Republican senator Ron Johnson secured reelection to a third term as Wisconsin senator, holding on to a seat crucial to Republican efforts to win majority control of the Senate.
Johnson received 50.5 percent of the vote, and his opponent, Democrat Mandela Barnes, received 49.3 percent of the vote with 94 percent of votes counted as of Wednesday morning.
It was also a major blow to Democrats, who have spent years—and tens of millions of dollars—attempting to oust Johnson, an outspoken conservative and former businessman who was first elected in 2010.
Although polls showed Barnes leading Johnson after the August primary, Wisconsin voters quickly soured on the Democratic candidate as his work with far-left activist groups and history of controversial statements, including his praise for anti-American dictators and criticism of capitalism, came to light.

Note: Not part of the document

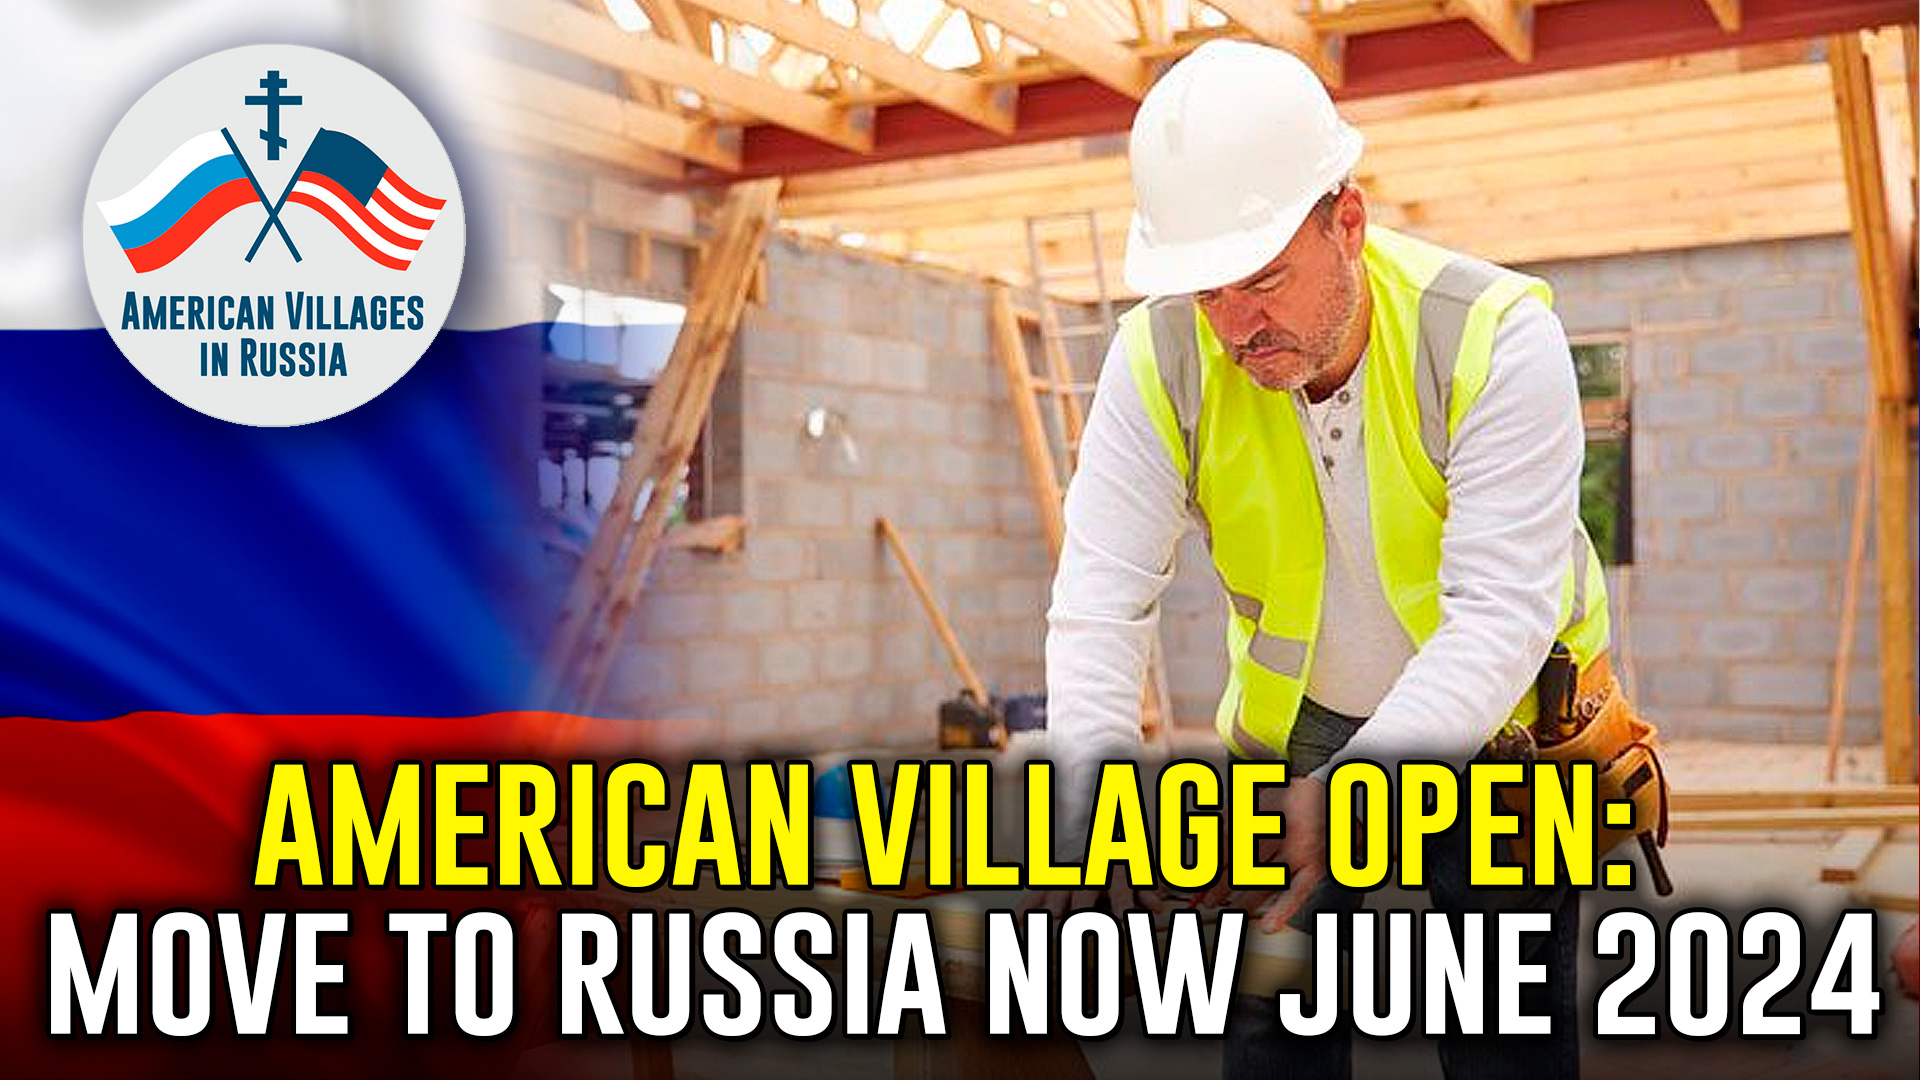 "American Village Open: Move to Russia now June 2024"
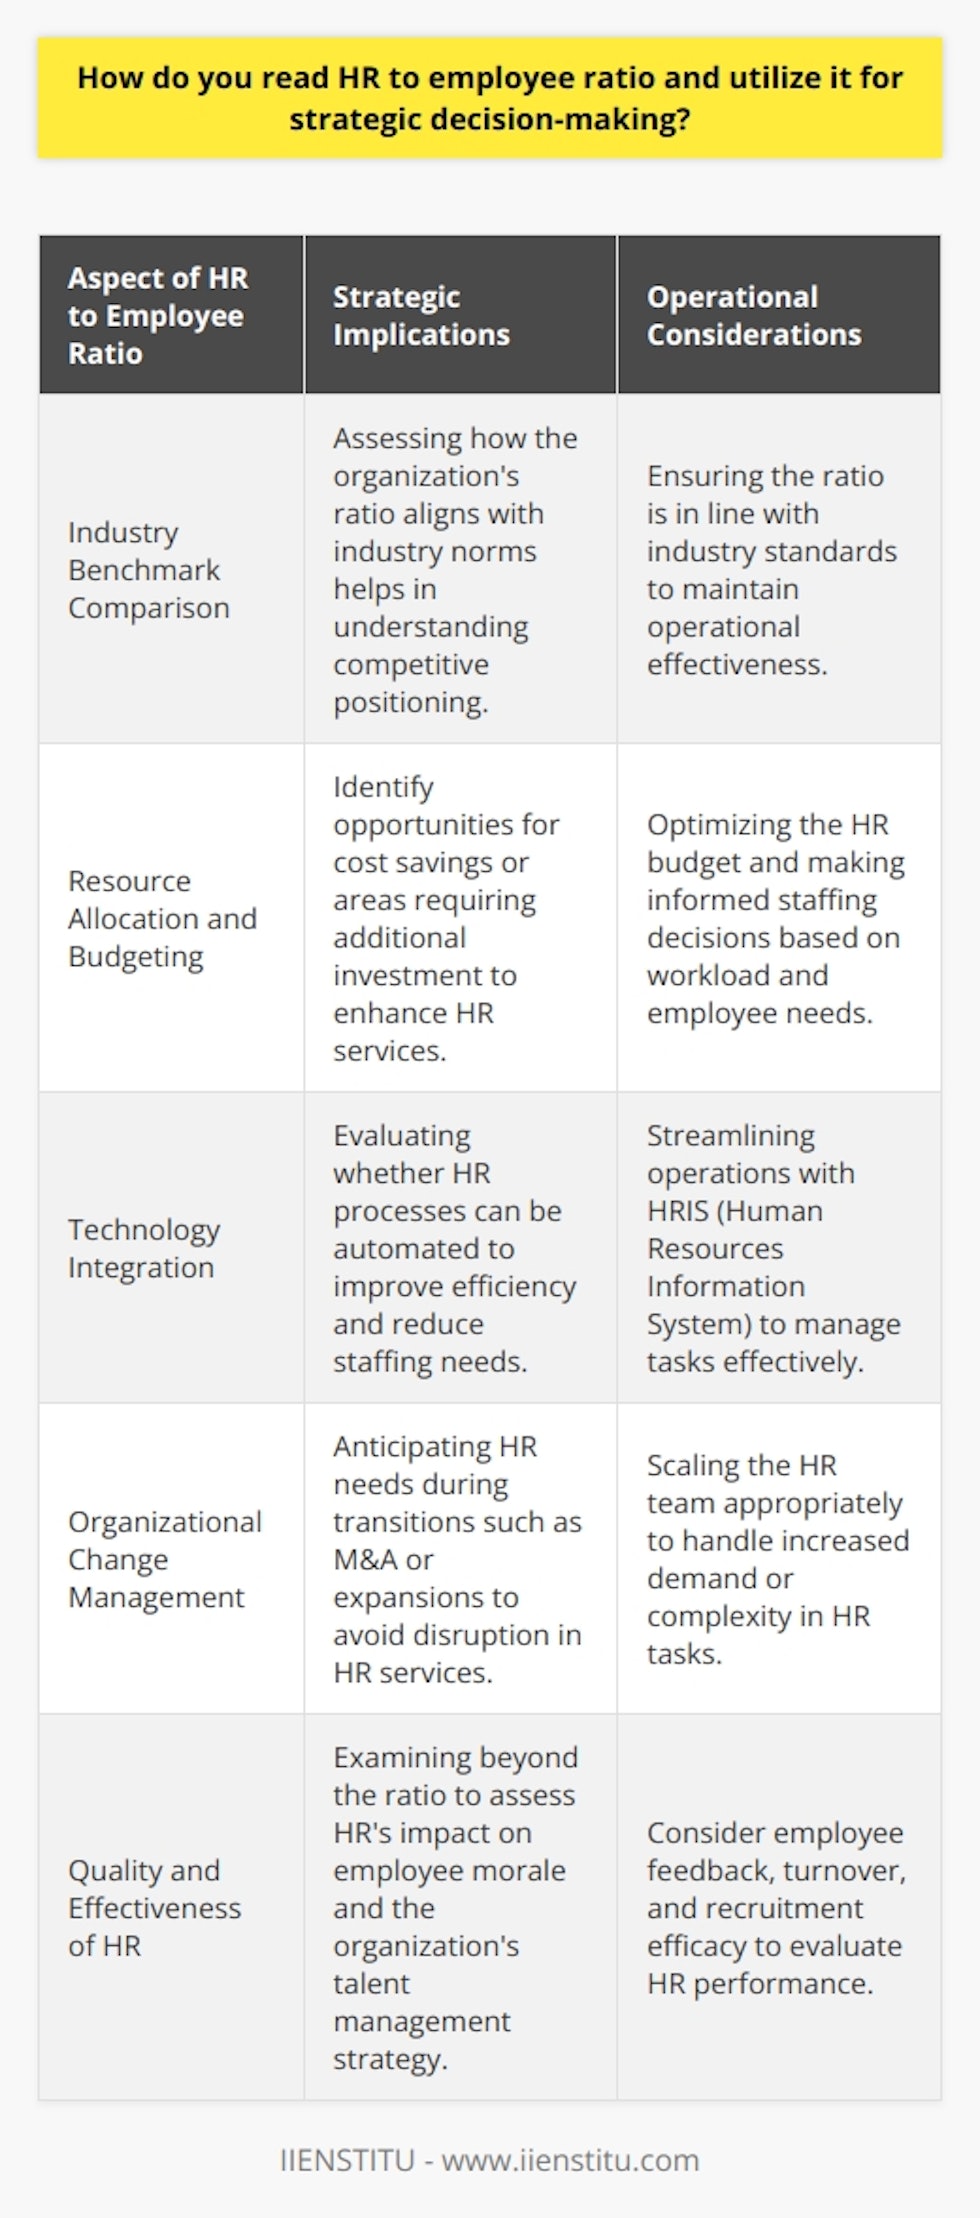 The HR to employee ratio is a critical measurement that indicates the number of HR professionals available to service the employee base within an organization. This ratio is commonly used to assess the capacity and operational efficiency of the HR department, which plays a significant role in formulating strategic decisions that impact the entire organization.To draw meaningful conclusions from the HR to employee ratio, it's important to establish the ratio within the context of industry norms and organizational needs. Typically, the number of HR staff may vary depending on the complexity and nature of the HR services required by the employees. For instance, organizations with complex labor relations, extensive training programs, or international HR management may require more HR professionals per employee compared to those with less demanding HR requirements.Strategically, an organization can utilize the HR to employee ratio to identify whether their HR department is overstaffed or understaffed. This information is crucial for budget optimization and resource allocation. An understaffed HR department might struggle with workload management leading to delays in service delivery, whereas an overstaffed department may result in unnecessary payroll expenditures.Moreover, organizations can utilize this ratio when integrating technology within their HR practices. By analyzing the ratio, they can determine whether it's feasible to automate certain HR tasks to streamline operations and reduce the workload on HR staff. This consideration is important as HR departments are increasingly adopting technology to handle tasks such as payroll processing, benefits management, and performance evaluations, which can help to maintain an optimal HR to employee ratio while enhancing the department's efficiency.Furthermore, the HR to employee ratio provides valuable insights during periods of organizational change such as mergers, acquisitions, or rapid growth phases. Leaders can use the ratio to anticipate the need for scaling the HR department to accommodate an influx of new employees or to manage the complex HR challenges that arise from such changes.When utilizing the HR to employee ratio in decision-making, it is paramount that organizations also consider qualitative factors. While a certain ratio may indicate efficiency, it does not necessarily reflect the effectiveness of the HR team. Therefore, organizations should also consider employee feedback, turnover rates, time to fill positions, and the quality of applicant pools to gauge the true performance of their HR practices.Overall, the HR to employee ratio is more than a mere statistic; it is a strategic barometer that can inform an organization about the robustness of its HR support systems. By analyzing this ratio in conjunction with other metrics and employee feedback, organizations can ensure their HR departments are not only well-staffed but also aligned with the broader strategic objectives of growth, sustainability, and exceptional human capital management.

In September, the Washington Free Beacon published a video of Barnes telling a United Nations panel that the world needed to "stymie capitalism" in order to combat climate change and adding that he opposed any "new pipeline construction" because "if the infrastructure is there, then people are going to use it."
Barnes has praised Iran’s supreme leader Ali Khamenei for supporting Black Lives Matter and said he wanted to be the "Dennis Rodman" of the Assad regime. He claimed Americans who support "God, country, and guns" are espousing the same "dangerous" rhetoric as members of the terrorist group ISIS. He also posed for a photo with anti-Semitic pastor Jeremiah Wright and called the controversial preacher "brilliant" after attending a speech in which Wright accused Israel of "ethnic cleansing" and the United States of committing "war crimes."
Barnes, who received significant campaign funding from an organization led by "Defund the Police" activists and was a member of an anti-Israel activist group, struggled to appeal to voters in a state where crime was a leading election issue.
He was slammed by law enforcement supporters for failing to stand up for police during the Kenosha riots, posing in an "Abolish ICE" T-shirt, and for partnering with anti-police groups, including the Center for Popular Democracy, which sponsored defundpolice.org.
Pete Deates, the president of the Kenosha Professional Police Association Board, told the Free Beacon that Barnes’s anti-police rhetoric "100 percent" fueled the rioters in Kenosha in 2020. "He has shown and said things that prove he does not support law enforcement," Deates told the Free Beacon.
Barnes, who sponsored legislation to end cash bail while in the state assembly, also made several appearances on the Russian state-owned news network RT, where he criticized the police alongside a prominent white nationalist.
Johnson ran on a law-and-order platform while highlighting his opponent’s support for soft-on-crime policies and alliance with the "Defund the Police" movement.